God spoke to me only once.
I leapt, spluttered, ‘Yes, Lord!’, and scrambled immediately into bed.
I had been on my knees, praying for guidance. I had been begging for a sign, for direction, for a way to prove my devotion. When it came, it was so direct, so specific that I jumped up, all a-jitter with proud humility. Then lay snivelling in sycophantic self-consciousness.
After the adrenalin rush had subsided and my body had relaxed into a more normal level of hypertension, insomnia set in. I lay all night in my little blue bedroom, in my little green bed. All night I asked myself the same question:
What would I tell the girls at school?
Clearly, I couldn’t tell them what had really happened; hearing voices was not a popular pastime among my peers. I decided not to tell my parents about The Voice, either.
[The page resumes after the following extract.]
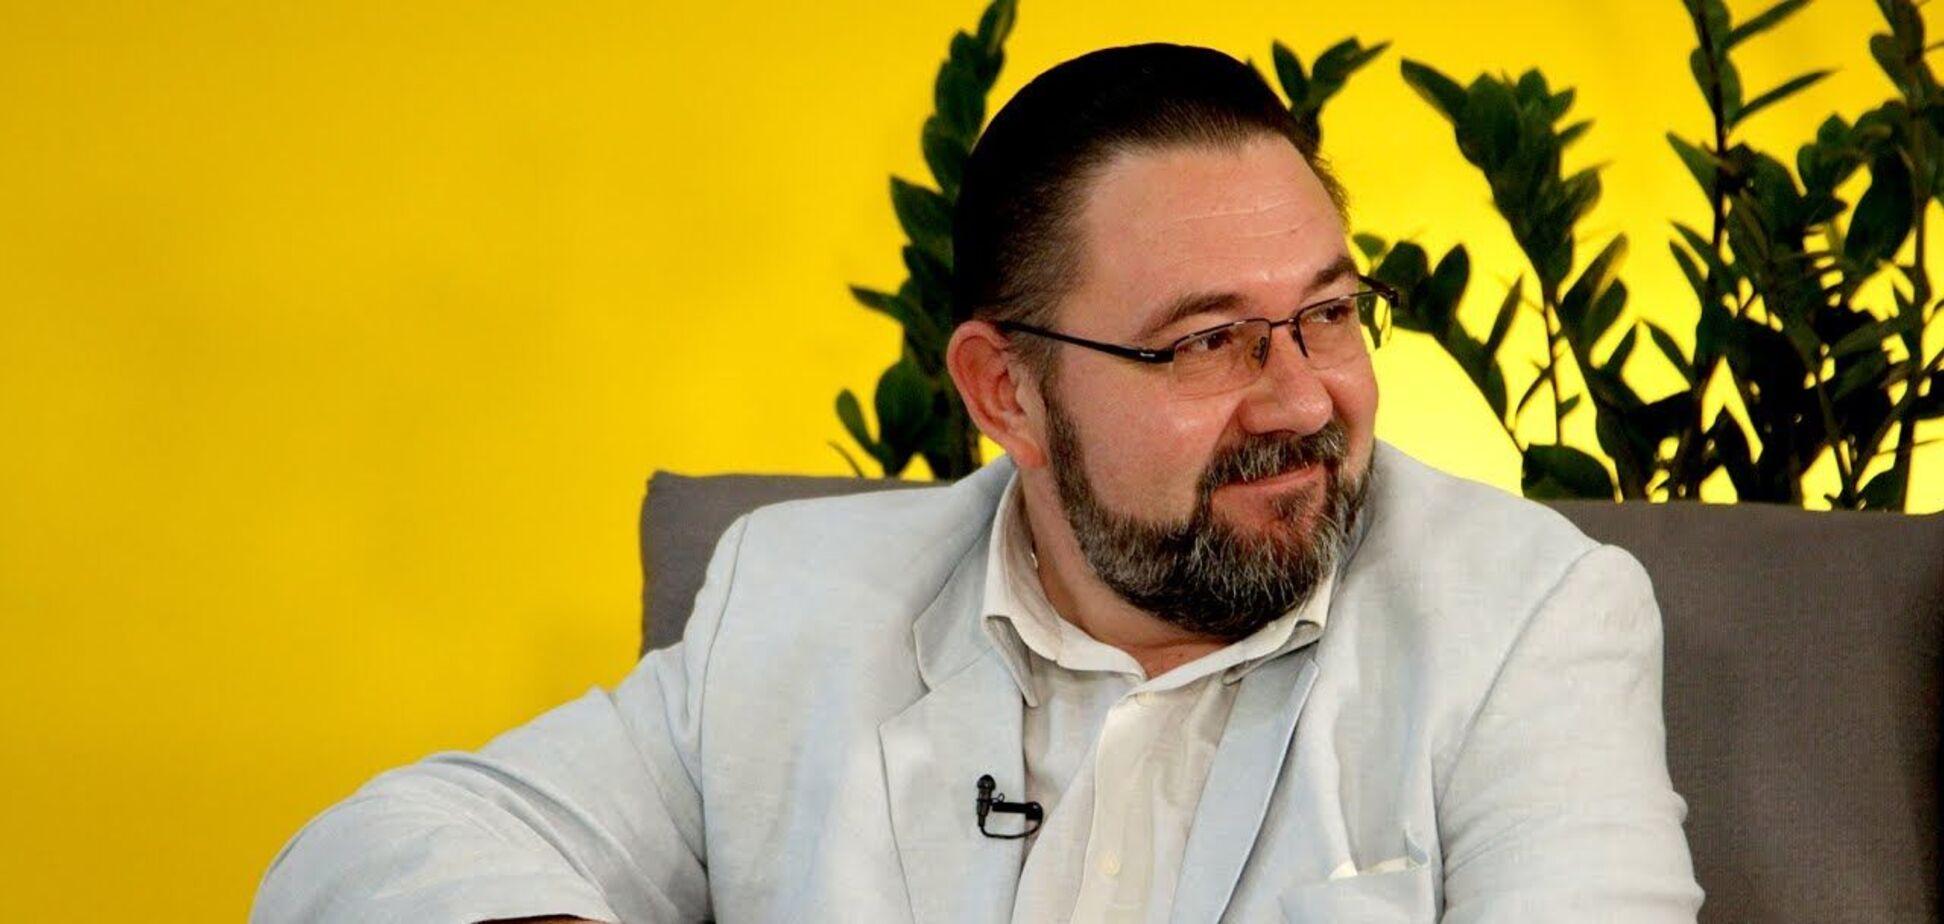 Микита Потураєв запропонував перейменувати Росію на Московію

‘Telling people’ had not won Joan of Arc a long and happy life. A casual, ‘Oh, the dance … I’ve decided not to go’, would be sufficient for them. They would be grateful. I was already too worldly for their standards. My conscience stand against the Vietnam war had already upset them. When I marched down Broadway, with tears in my eyes and a banner in my hand, they had been terribly upset.
‘Render unto Caesar, dear’, my mother had kept repeating to me. This was supposed to make plain her abhorrence of my resistance to the status quo. But she never stopped me.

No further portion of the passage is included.